Research & Development projects
Nowadays, one of the biggest challenges enterprises have to face is to derive the greatest possible business benefits from increasing data. Database Management Systems (DBMS) play a crucial role in these areas allowing storing and retrieving user’s data and data security management. In this article, I will focus on presenting the basic capabilities of the SQL Server Integration Services (SSIS). I will show this tool is not only for database administrators and analytics, but also other IT professionals might find it helpful in their everyday work.
Microsoft SQL Server is a relational database management system (RDBMS) and one of the most market-leading technologies for managing multiple databases. It helps organize and manage huge business databases, supports Business Intelligence and data analysis application in the company IT environment.
Microsoft SQL Server is built on top of SQL (Structured Query Language) – a standardized programming language for database administrators and other IT professionals. SQL Server comes with its own implementation of the SQL language (Structured Query Language) – T-SQL (Transact-SQL) that allows to manage databases and query the data they contain.
SSIS (SQL Server Integration Services) is the graphical ETL tool from Microsoft that has been included in Microsoft SQL Server since version 2005.
We can write a lot about the capabilities of SSIS. This tool is not just a graphical “flip” of data or a T-SQL code. Using the SSIS tool can bring many benefits, among which we can mention:
What’s essential, SSIS eliminates the need of hardcore programmers, as it contains a GUI that helps users to transform data quickly rather than writing large programs.
Thanks to SSIS, we can connect to various data sources, not only MS SQL databases but also Oracle databases, ERP systems, or various types of flat files, and load data into different tables, saving time significantly. What’s more, we can control each flow, for example, by adding an email notification when the data is not loaded entirely or with problematic records, and it will not prevent further steps of the flow.
In this article, I will focus on presenting the beginning of the road with SSIS, i.e., downloading, validating, and loading data into database – a process called ETL (Extract-Transform-Load).
The installation of the tool is very simple, and the step-by-step instruction is available on the official Microsoft website. See here.
After completing the installation, we can see a clear view when opening the Visual Studio tool.
At first glance, our attention is drawn to Control Flow and Data Flow that are the most important functions at the beginning of our adventure with SSIS.
Now let’s try to load the data from the excel file into our newly created database. If we have many sheets in one excel file, we don’t have to build separate flows. We can use the Foreach Loop Container option and loop our loading cycle sheet by sheet.
For simplicity, let’s imagine the task: we have an excel file provided with the data format: Name, Surname, Birthday (Day-Month-Year). We have three columns, but the client expects this data in a Year / Month / Day format.

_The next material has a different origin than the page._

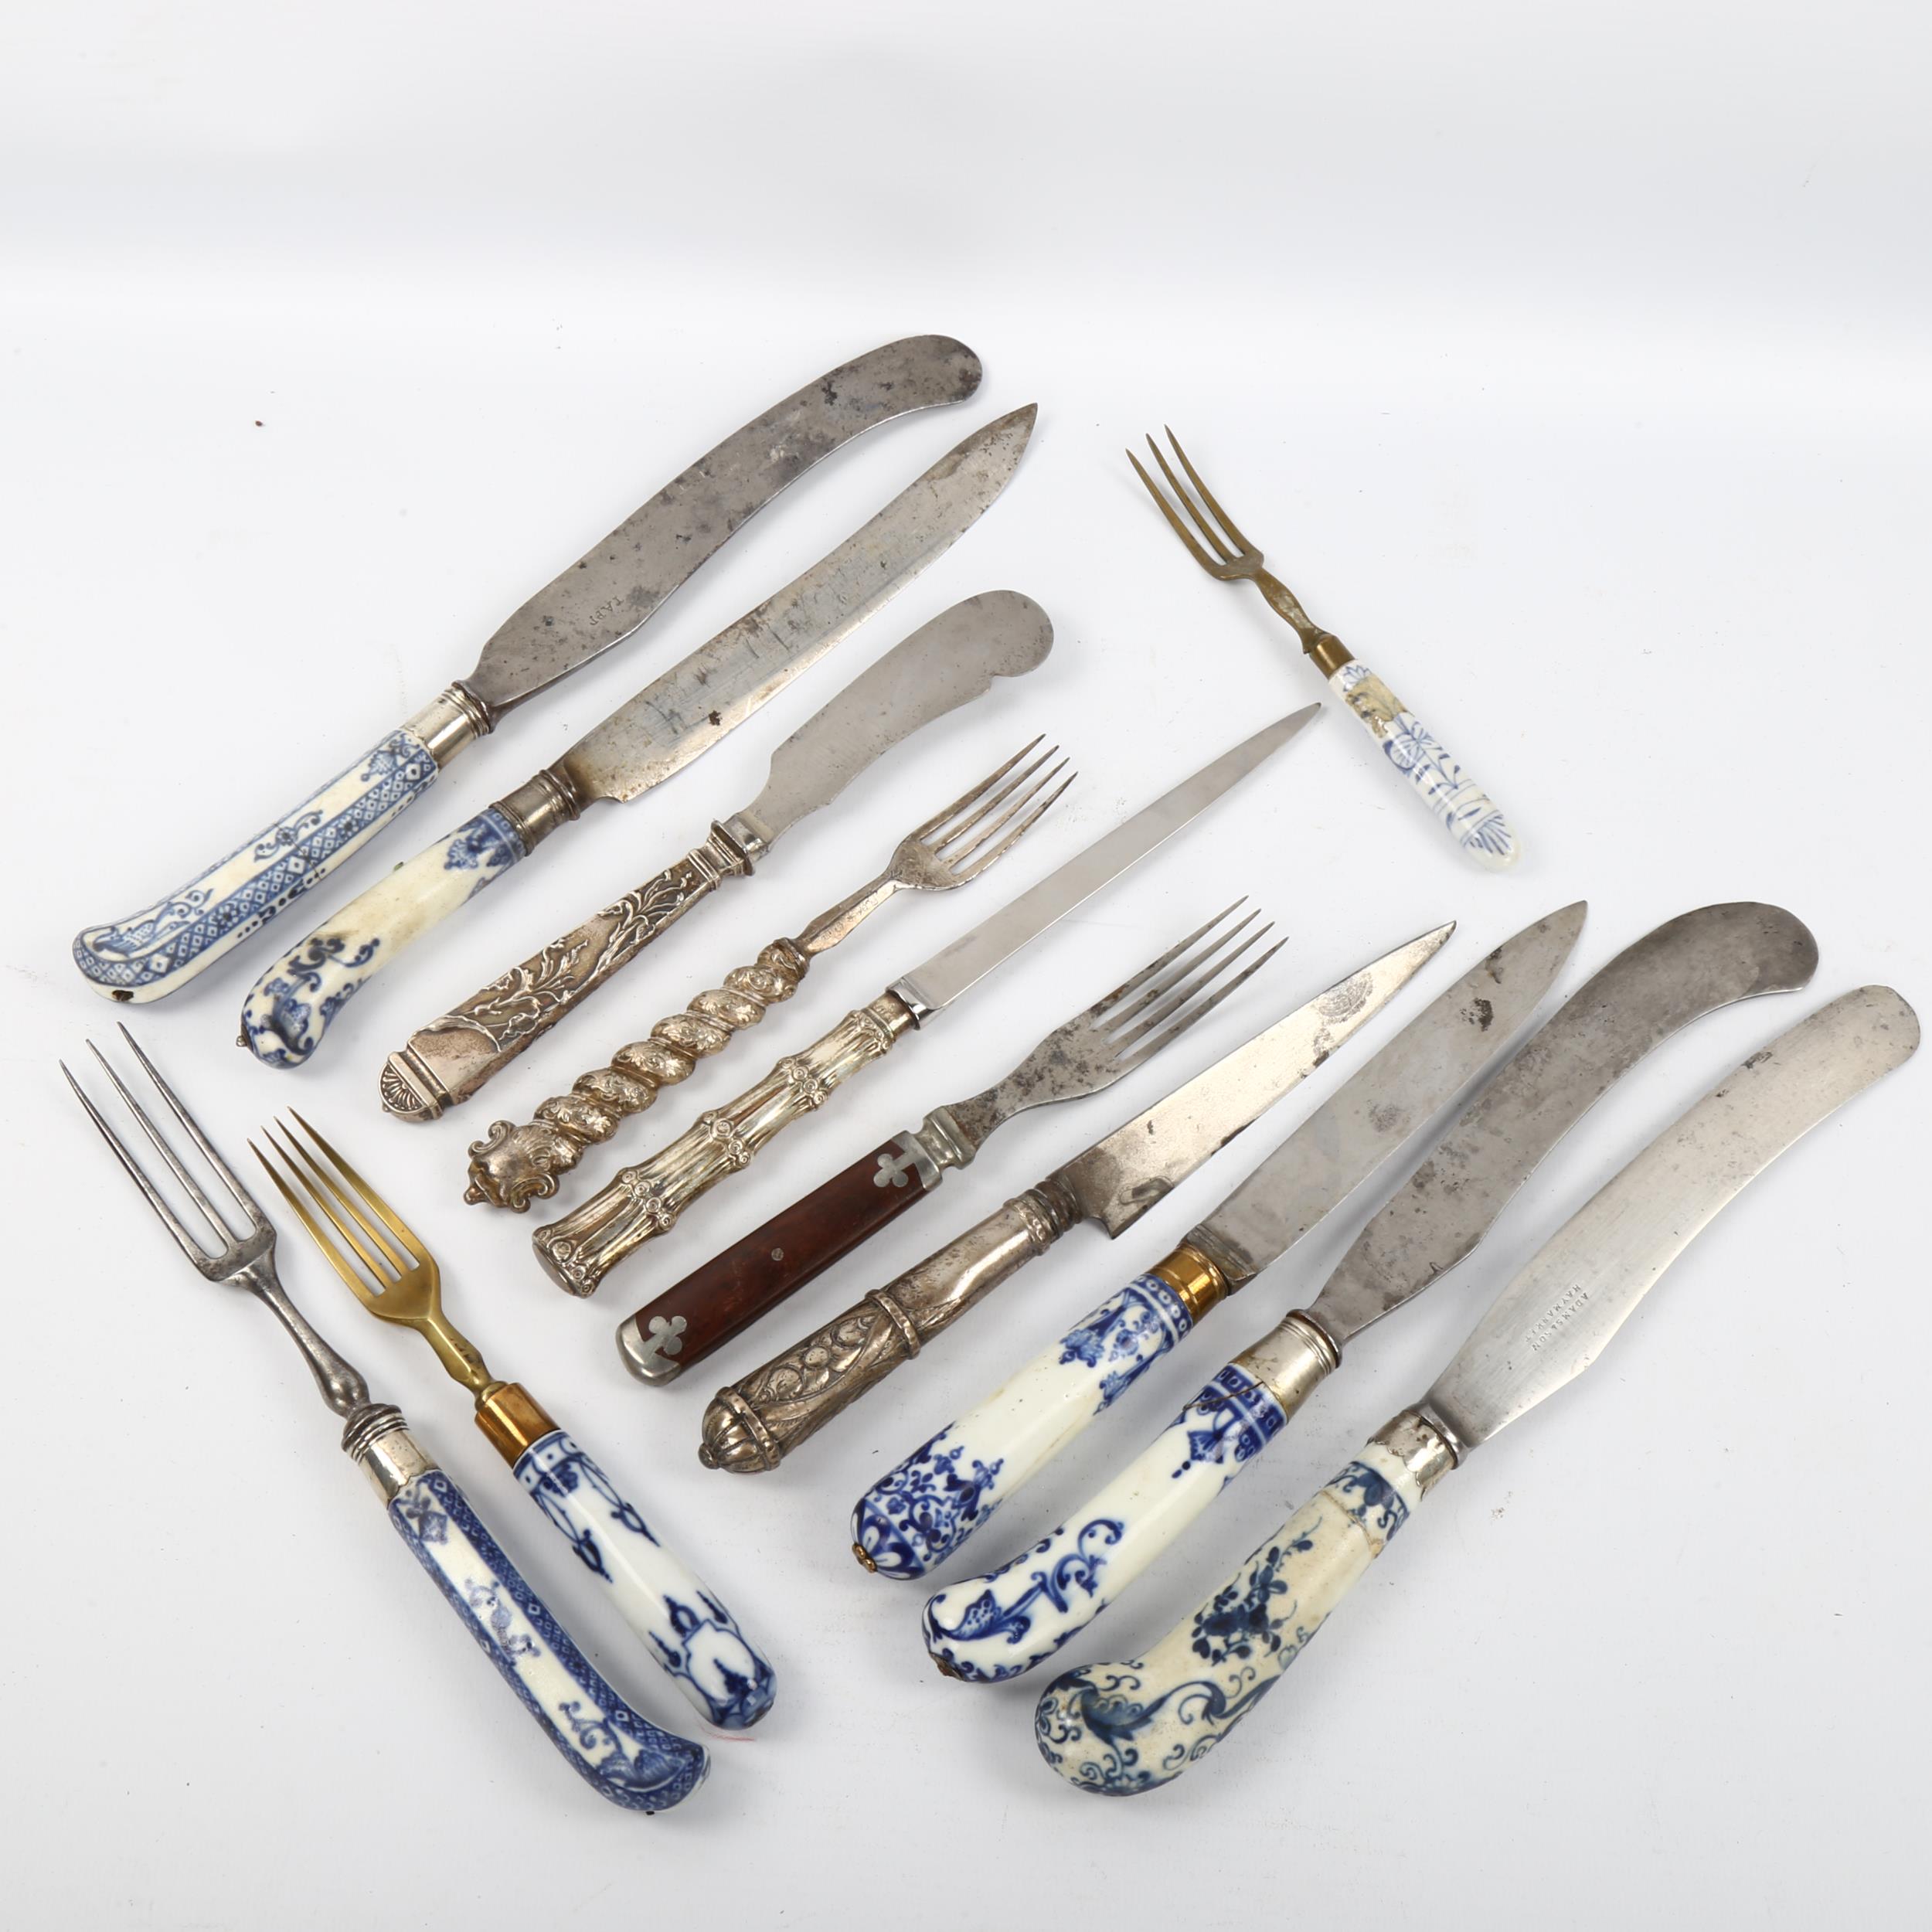 A group of 18th century Meissen blue and white porcelain-handled knives and forks, a silver-

There are many ways to cope with it. Below you can see the most simple use of SSIS.
1. Create a table
CREATE TABLE [dbo].[test](
[name] [varchar](30) NULL,
[surname] [varchar](30) NULL,
[year] [int] NULL,
[month] [int] NULL,
[day] [int] NULL)
2. In Visual Studio set Data Flow
We start by indicating the source and destination where the raw data are Excel records, and the final table is our newly created dbo.test
It gives us an outline of the data import.
We can see information about errors or steps that we have skipped. Let’s check what these errors mean and fix them.
3. Use the option ‘Derived Column”
As we can see the mapping cannot be complete because we have different input and target columns. In this case, we can use the option – ‘Derived Column’.
We were able to reformat the data from 1 source column to 3 columns – but we still see an error message about a different data type for the Name / Last Name column.
Should we change the data type? No – if the target data type is [varchar], select Data Conversion.
After data conversion and code page change, the process is successfully completed.
This simple exercise demonstrates a small fraction of what you can do with SSIS packages. The possibilities are enormous when we delve into the types of transformation, aggregation, the possibility of using other coding languages starting with C # or PowerShell and ending with the capabilities of SCD (Slowly Changing Dimension) or Package Protection Level.
If you are interested in the topic of SSIS, I encourage you to delve into the available materials – it’s worth starting with e-book: Microsoft SQL Server 2012 Integration Services – ebook.